Мне хотелось оказаться в другом месте. Стать кем-то другим. Тем, кто не чувствовал столько лет запах смерти и не наблюдал за конечным распадом тел. Тем, кто не собирал день за днем человеческие скелеты, оставленные сутенерами, взбешенными любовниками, свихнувшимися наркоманами и психопатами. Я приехала на остров, чтобы отдохнуть от жестокости своей работы. Но даже здесь смерть нашла меня. Мне стало плохо. Новый день. Новая смерть. Смерть каждый день. Боже, сколько еще таких дней мне предстоит?
Я почувствовала руку Сэма на плече и подняла голову. Второй рукой он зажимал рот и нос.
– Что это?
Я кивнула на куст, Сэм откинул ветки ногой:
– Черт!
Я согласилась.
– Сколько он здесь пролежал?
Я пожала плечами.
– Несколько дней? Недель? Лет?
– Захоронение послужило на пользу фауне твоего острова, но по большей части тело не пострадало. Я не могу сказать, в каком оно состоянии.
– Его вырыли не обезьяны. Им мясо не нужно. Скорее чертовы канюки постарались.
– Канюки?
– Хищники. Они любят пировать на останках обезьян.
– Я еще подозреваю и енотов.
– Да? Я знал, что еноты любят рвотный чай, но мертвечину...
Я снова взглянула на могилу.
– Труп лежит на боку, правое плечо почти на поверхности. Запах явно привлек любителей падали. Наверное, его раскопали и съели канюки с енотами, потом, когда разложение ослабило связки, они вытащили руку и челюсть, – я кивнула на ребра, – съели часть грудной клетки, вытащив ее из ямы. Остальное скорее всего находилось слишком глубоко, или туда было трудно добраться, поэтому они оставили труп в покое.
Я палкой подтянула руку поближе. Локоть остался на месте, но конец длинной кости отсутствовал, пористое содержимое выступало из-за грубо обгрызенных краев.
– Видишь, как обгрызены края? Животные. А здесь? – Я указала на маленькое круглое отверстие. – След от зуба. Что-то мелкое, может, енот.
– Дьявол!
– Естественно, крабы и насекомые тоже в стороне не остались.
Он встал, наполовину развернулся и пнул земляной комок ногой.
– Иисусе, что теперь делать?
– Теперь надо звонить местному следователю, а он или она позвонит местному антропологу.

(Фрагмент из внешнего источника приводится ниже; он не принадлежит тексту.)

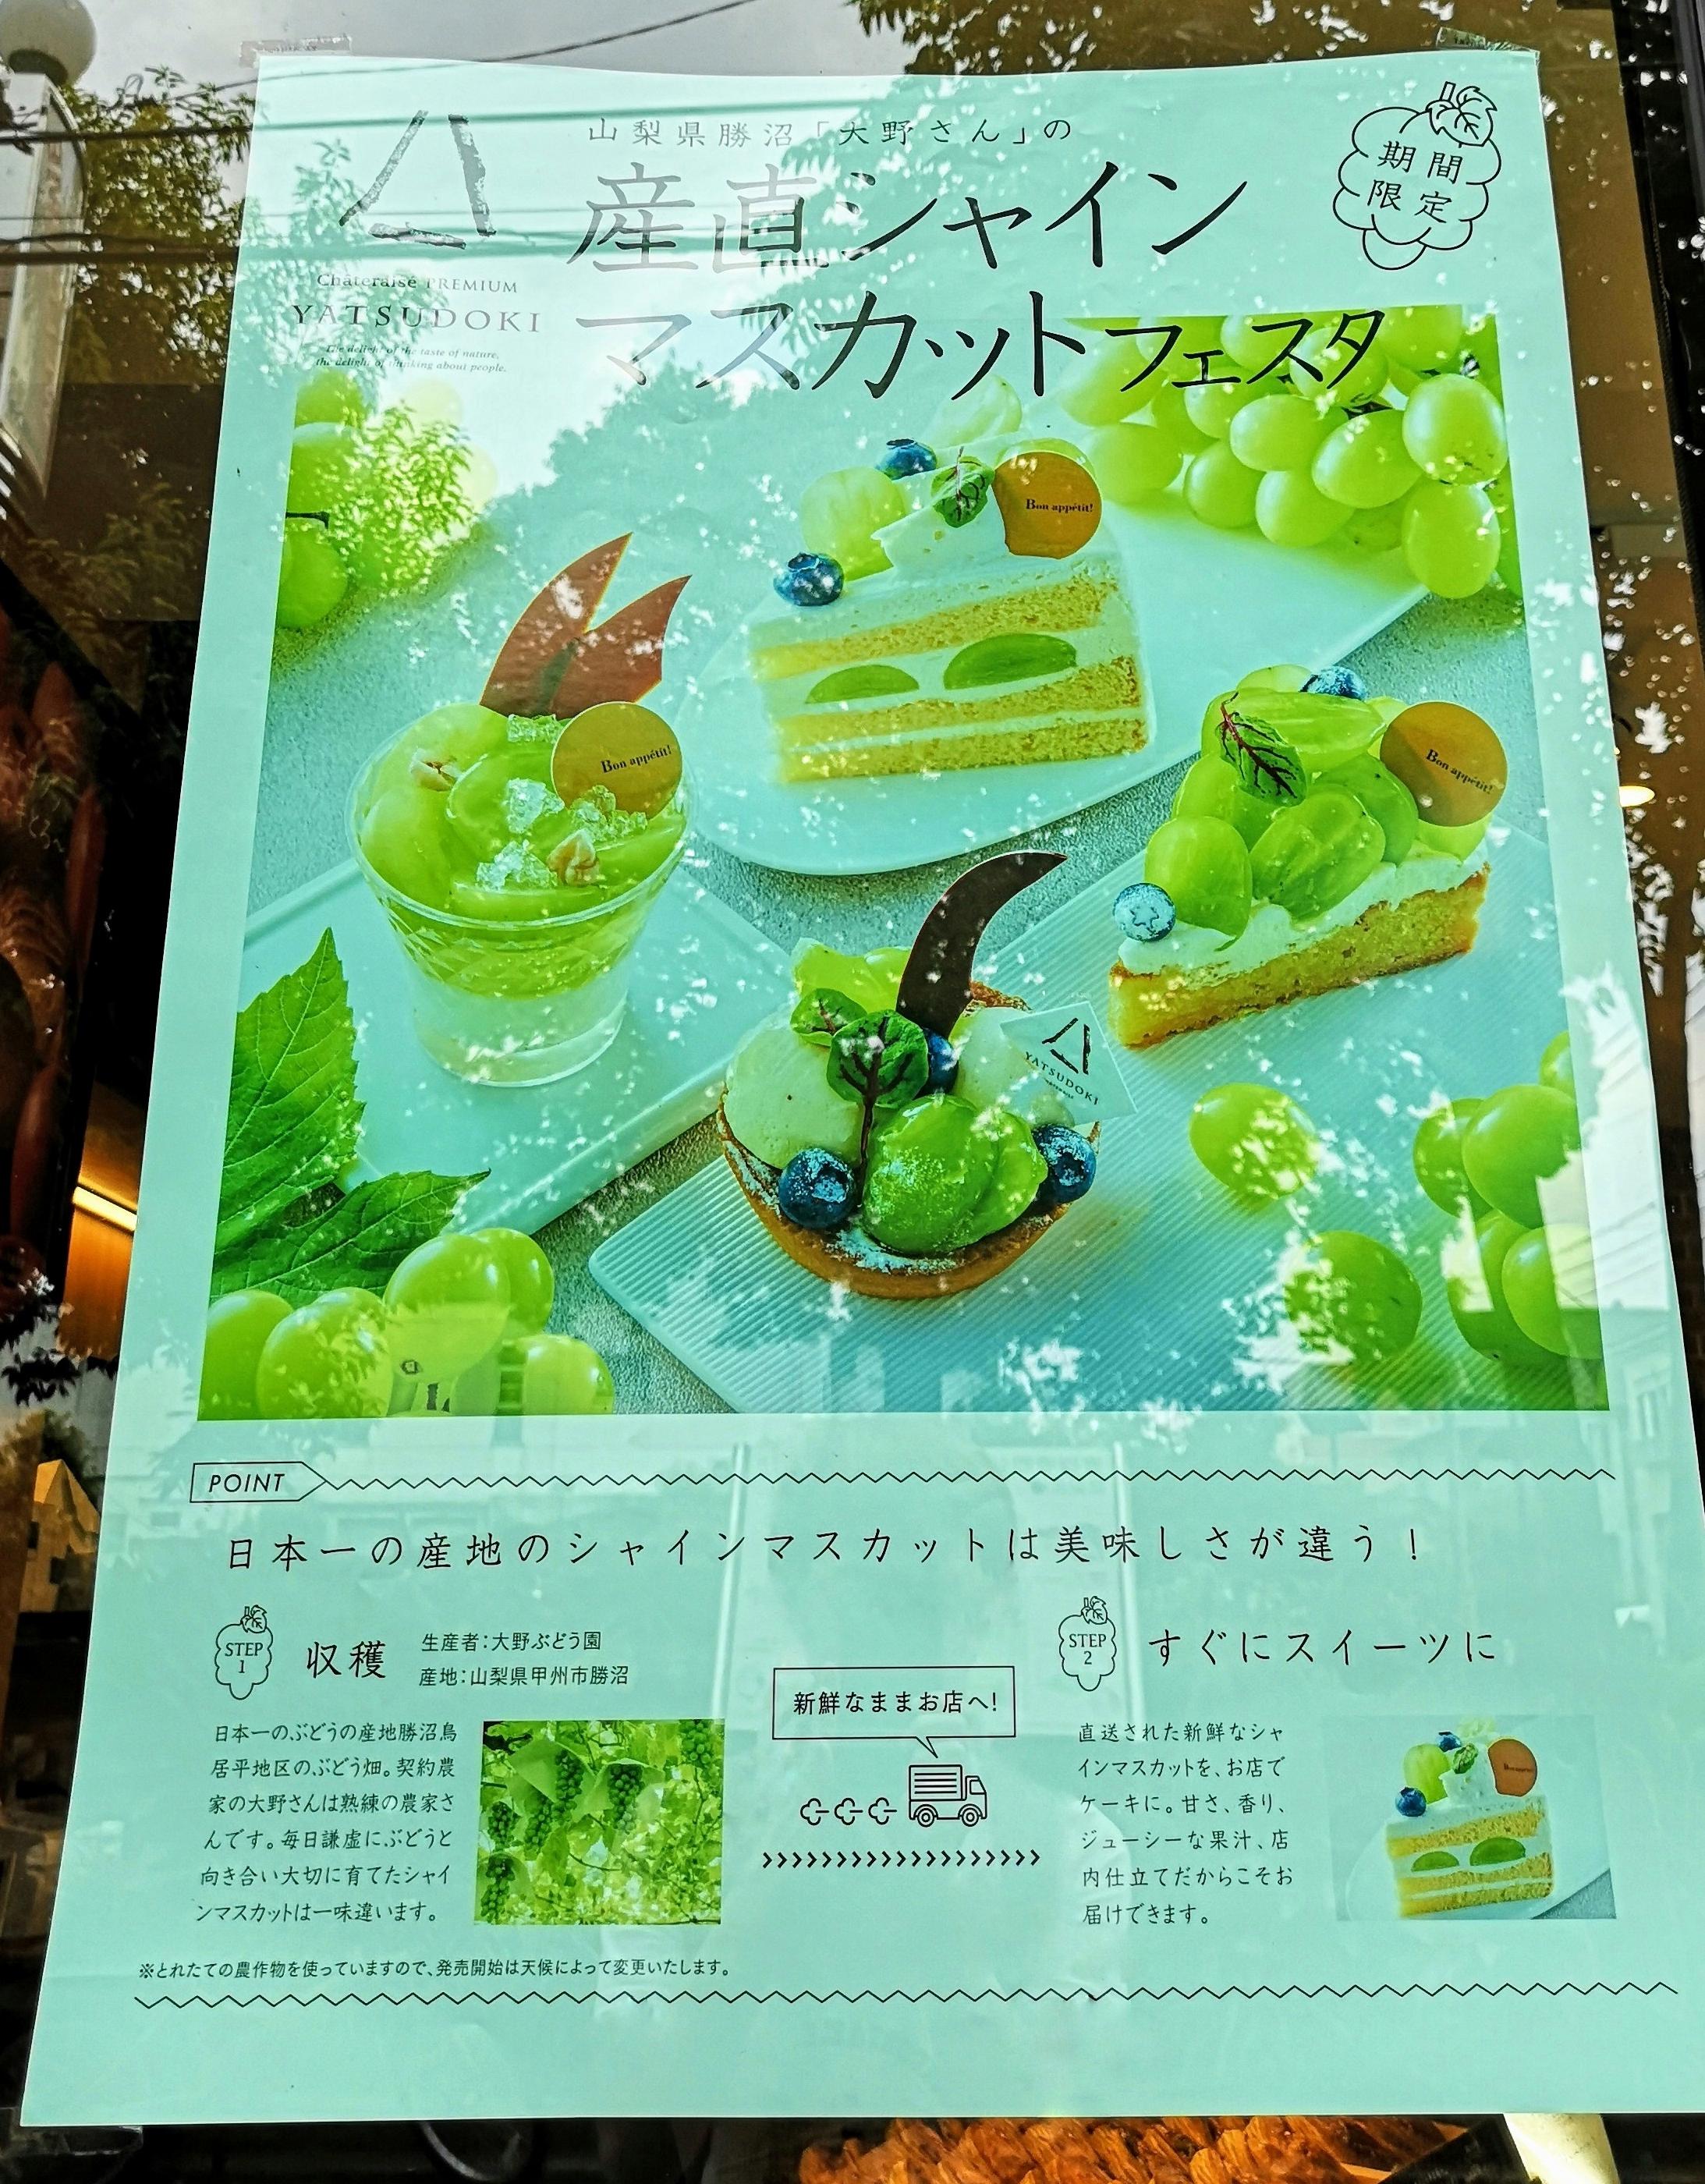 "【YATSUDOKI】""シャインマスカットフェスタ""開催中!素材の良さが光るショートケーキを実食ルポ 画像2"

Я поднялась и стряхнула землю с джинсов.
– И каждый из них поговорит с шерифом.
– Просто кошмар какой-то. Я не могу позволить посторонним излазать весь остров!
– Им не обязательно лазать по острову, Сэм. Они только приедут, заберут тело и, может, пустят ищейку на случай, если здесь есть еще трупы.
– Как, черт?.. Дьявол! Это невозможно.
По виску Сэма покатилась капля пота. Он то сжимал, то разжимал челюсти.
На мгновение мы замолчали. Вокруг жужжали мухи. Наконец Сэм прервал тишину:
– Ты должна это сделать.
– Что сделать?
– Что угодно. Вырыть труп. – Он махнул рукой в сторону могилы.
– Ни за что. Здесь не моя территория.
– Мне глубоко плевать, чья здесь территория. Еще не хватало, чтобы кучка проходимцев бегала по моему острову, портила все на своем пути, посылала к черту мой рабочий график и, может, даже заражала обезьян. Исключено. Совершенно исключено. Я тут хозяин, черт возьми, здесь мой остров. Я скорее буду сидеть на пристани с ружьем, чем пущу их сюда.
На лбу Сэма снова пульсировала жила, а сухожилия на шее натянулись, как проволоки. Он тыкал пальцем в воздух, подкрепляя каждое свое слово.
– За такое представление, Сэм, ты мог бы "Оскара" получить, но я все равно ничего не стану делать. Дэн Джеффер работает на полицию в Колумбии. Он же занимается антропологией в Южной Каролине, скорее всего ему и позвонит следователь. Дэн – аккредитованный специалист.
– Твой чертов Дэн Джеффер, может, туберкулезом болеет!
Спорить бесполезно, и я промолчала.
– Ты ведь только этим и занимаешься! Могла бы выкопать парня и отдать своему Джефферу!
Бесполезно.
– Почему нет, Темпе? – зло уставился он на меня.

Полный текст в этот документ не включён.